Your task is to copy the lines from the line containing "Ghost Stories For Christmas by Octoberpod AM" through the end of the listing below, both included, without any pictures.

Information shown ::
□ □ □ □

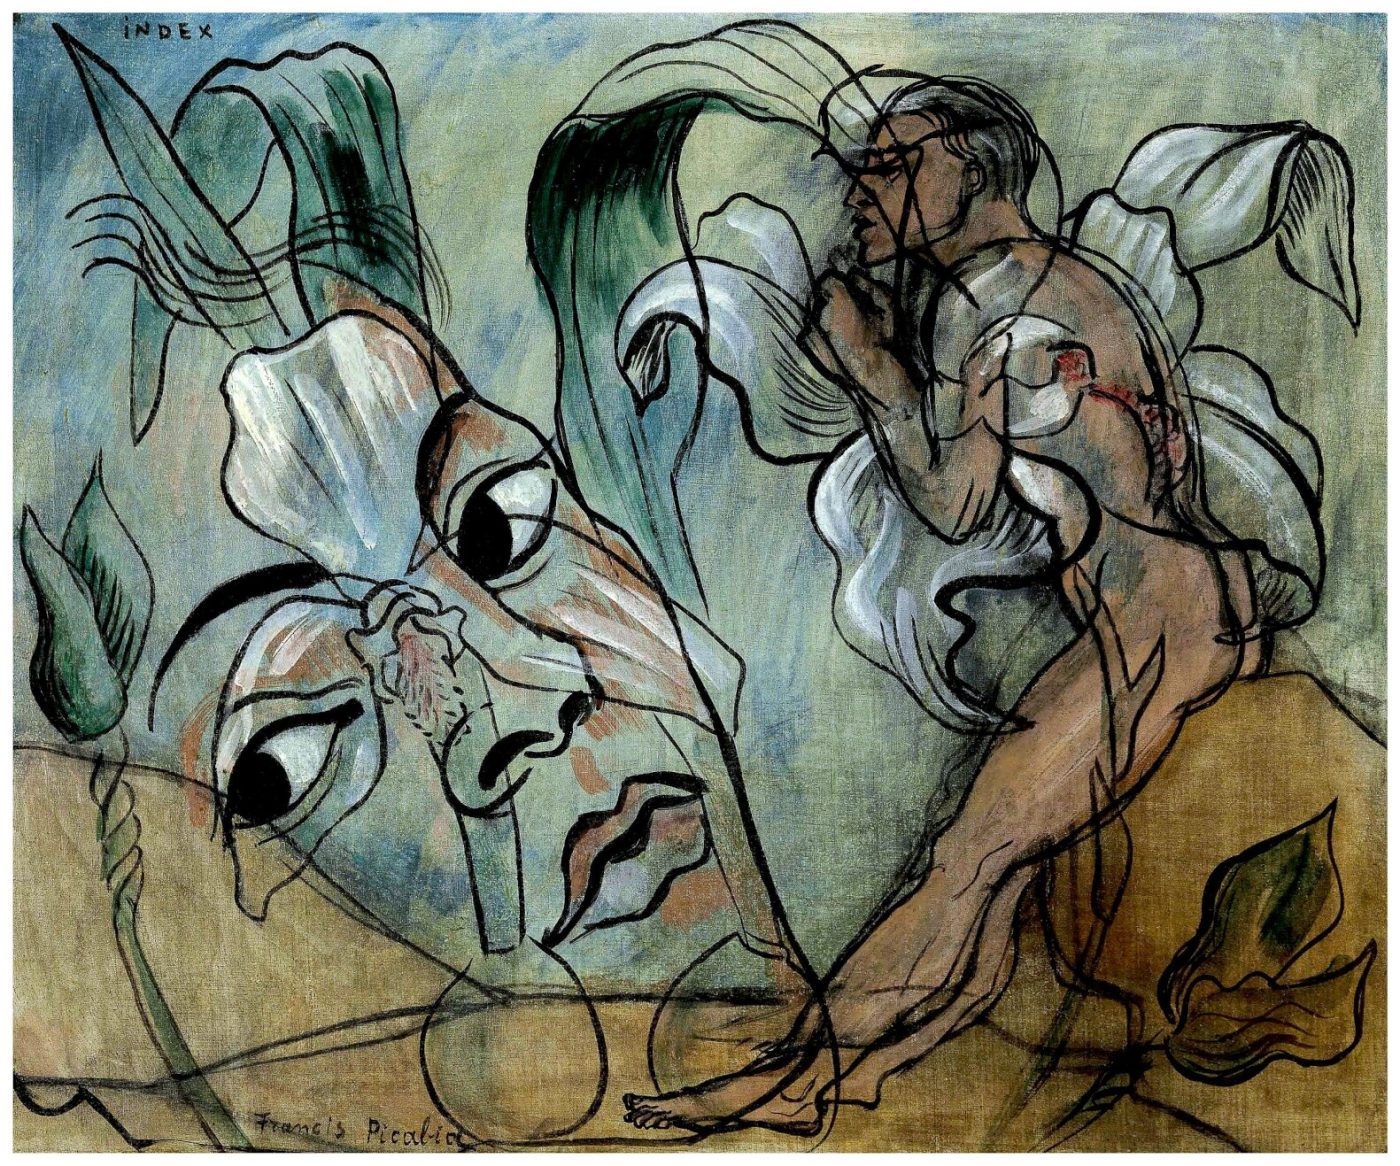 Francis Picabia
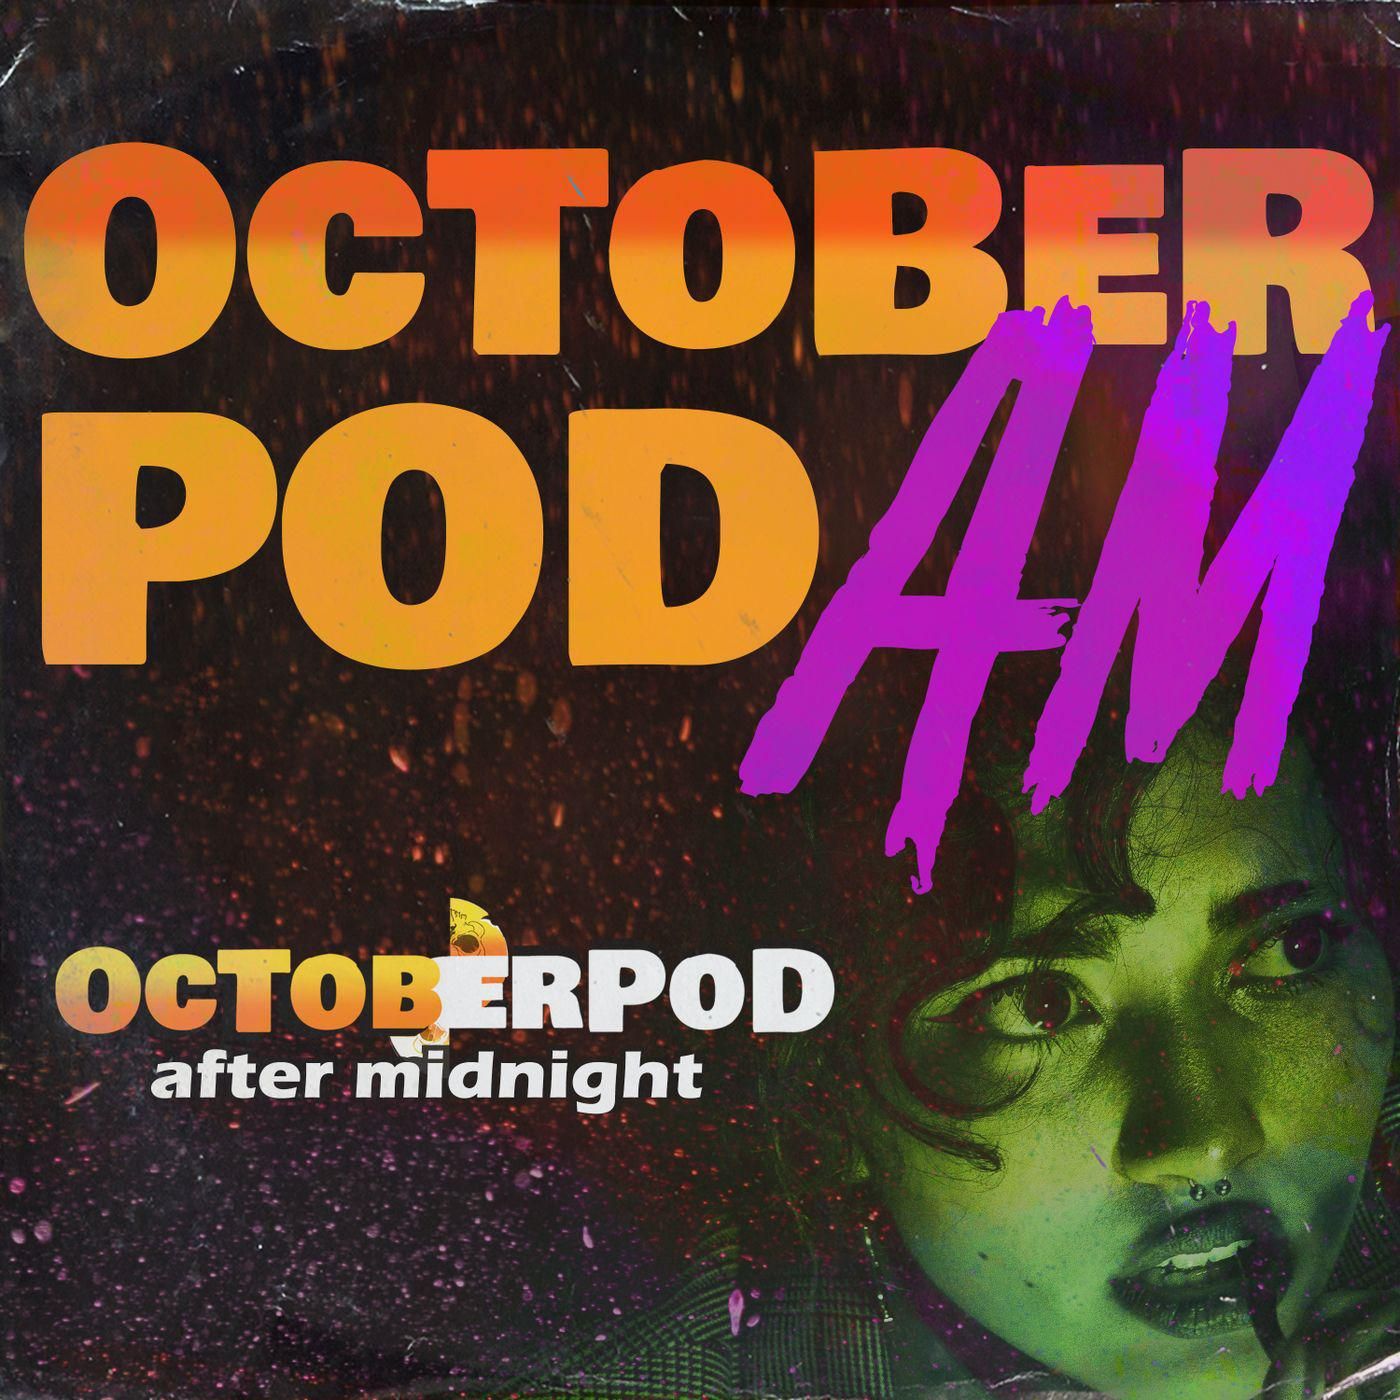 Ghost Stories For Christmas by Octoberpod AM
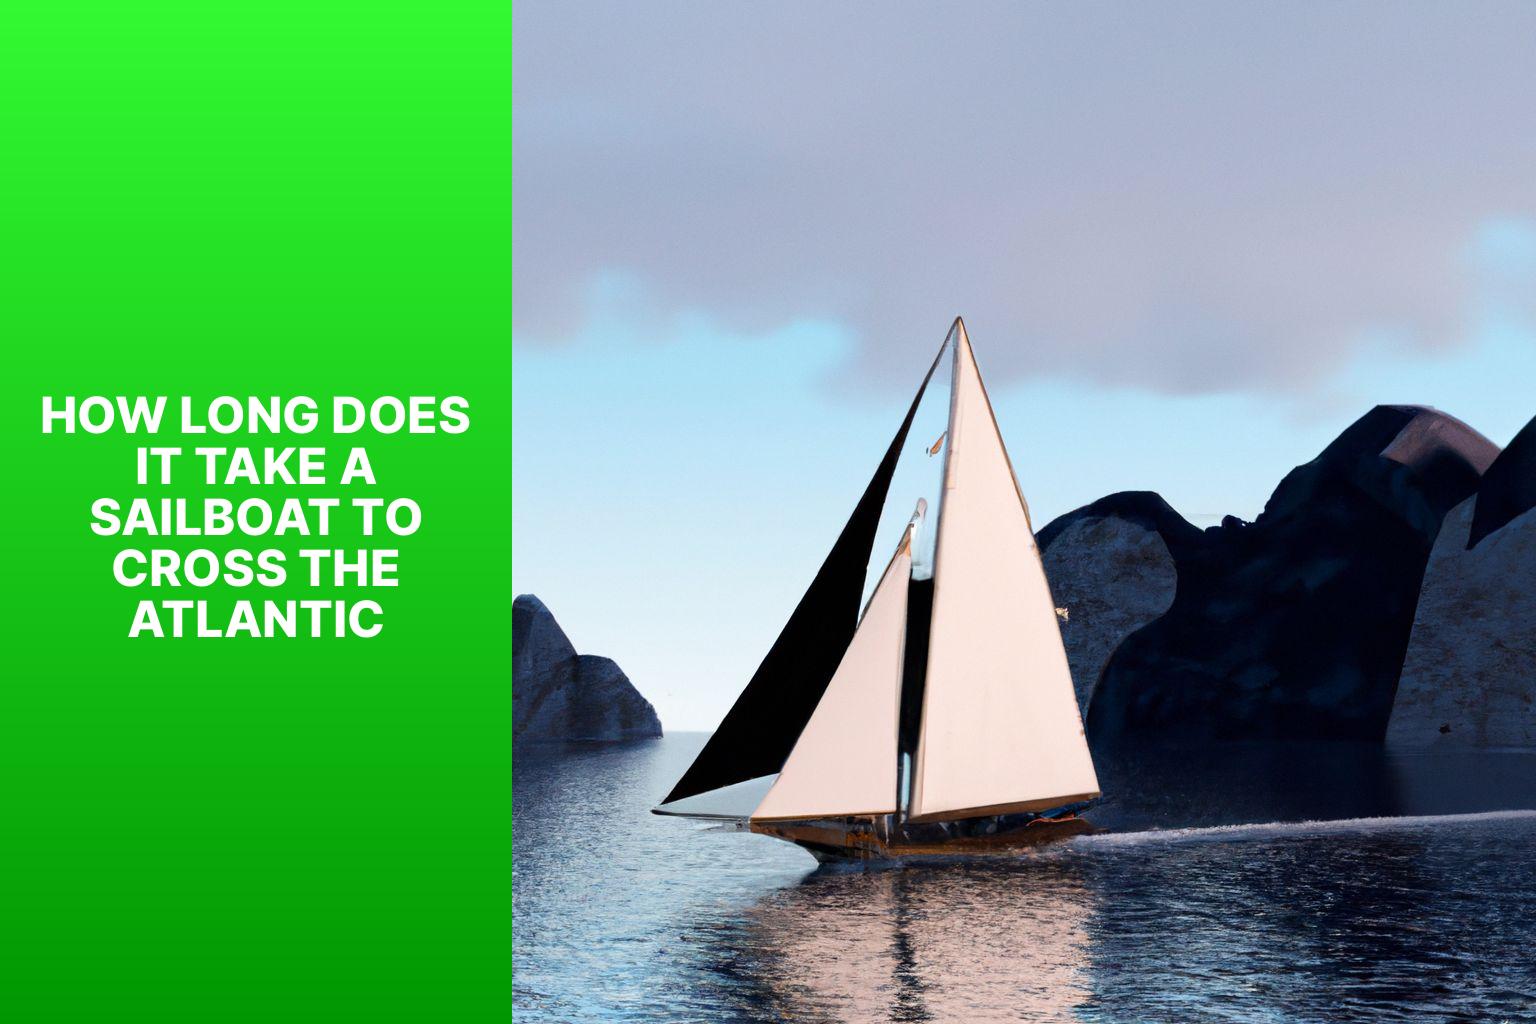 Time Estimation: How Long Does It Take a Sailboat to Cross the Atlantic?

□ □ □ □

Problem solution ::
 Ghost Stories For Christmas by Octoberpod AM
 Time Estimation: How Long Does It Take a Sailboat to Cross the Atlantic?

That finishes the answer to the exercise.